Date of report (Date of earliest event reported)            APRIL 22, 1999
                                                            --------------


                              ORBCOMM GLOBAL, L.P.
- --------------------------------------------------------------------------------
             (Exact name of registrant as specified in its charter)

<TABLE>
<S>                                               <C>                                         <C>      
       DELAWARE                                   333-11149                                    4-1698039
- ---------------------------------------------------------------------------------------------------------------
(State or Other Jurisdiction                   (Commission                                     (IRS Employer
of Incorporation)                              File Number)                                 Identification No.)
</TABLE>


                         2455 HORSE PEN ROAD, SUITE 100
                             HERNDON, VIRGINIA 20171
- --------------------------------------------------------------------------------
               (Address of Principal Executive Offices) (Zip Code)
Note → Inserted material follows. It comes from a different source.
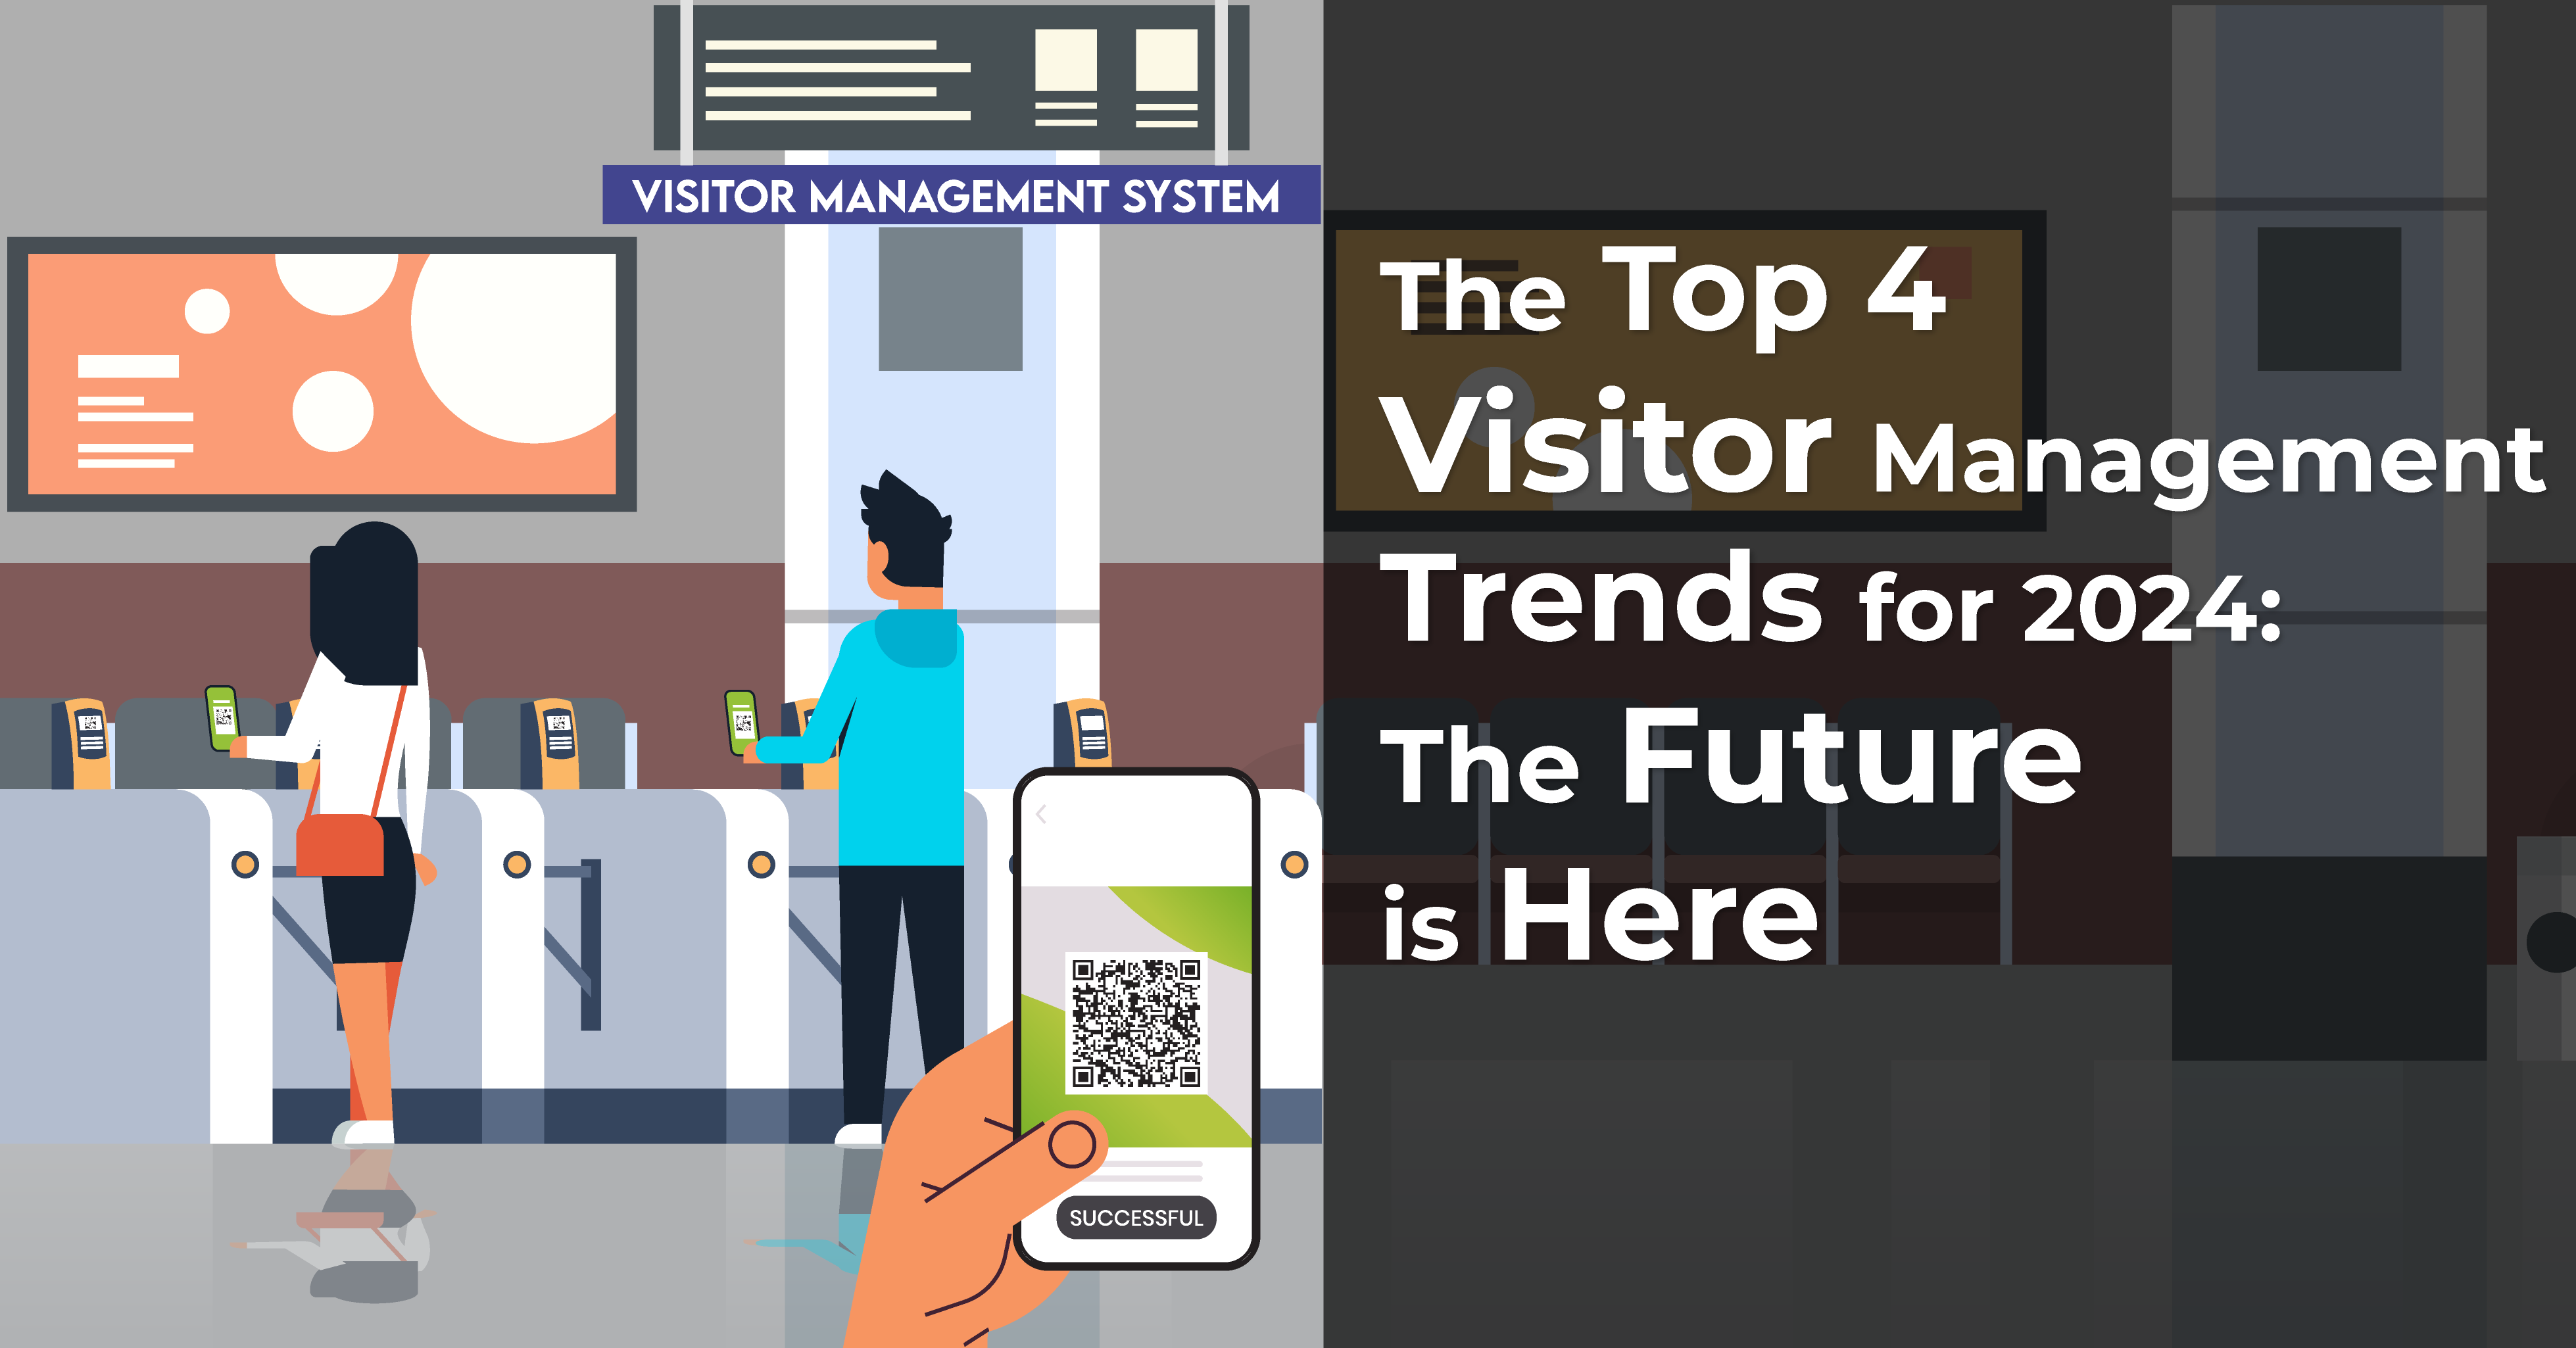 The Top 4 Visitor Management Trends for 2024

Registrant's telephone number, including area code:        (703) 406-6000
                                                           --------------


                                 NOT APPLICABLE
- --------------------------------------------------------------------------------
          (Former Name or Former Address, if Changed Since Last Report)



<PAGE>   2


ITEM 4.  CHANGES IN REGISTRANT'S CERTIFYING ACCOUNTANT.

            By letter dated April 22, 1999, KPMG LLP (KPMG) notified the
Registrant that it had resigned as the Registrant's auditors. In the same letter
KPMG notified the Registrant that it was resigning as the auditors for two
of the Registrant's affiliates - ORBCOMM USA, L.P. and ORBCOMM International
Partners, L.P.

            KPMG's reports on the Registrant's, ORBCOMM USA's and ORBCOMM
International's financial statements for the years ended December 31, 1997 and
December 31, 1998 contained no adverse opinion or disclaimer of opinion, and
were not qualified as to uncertainty, audit scope or accounting principles.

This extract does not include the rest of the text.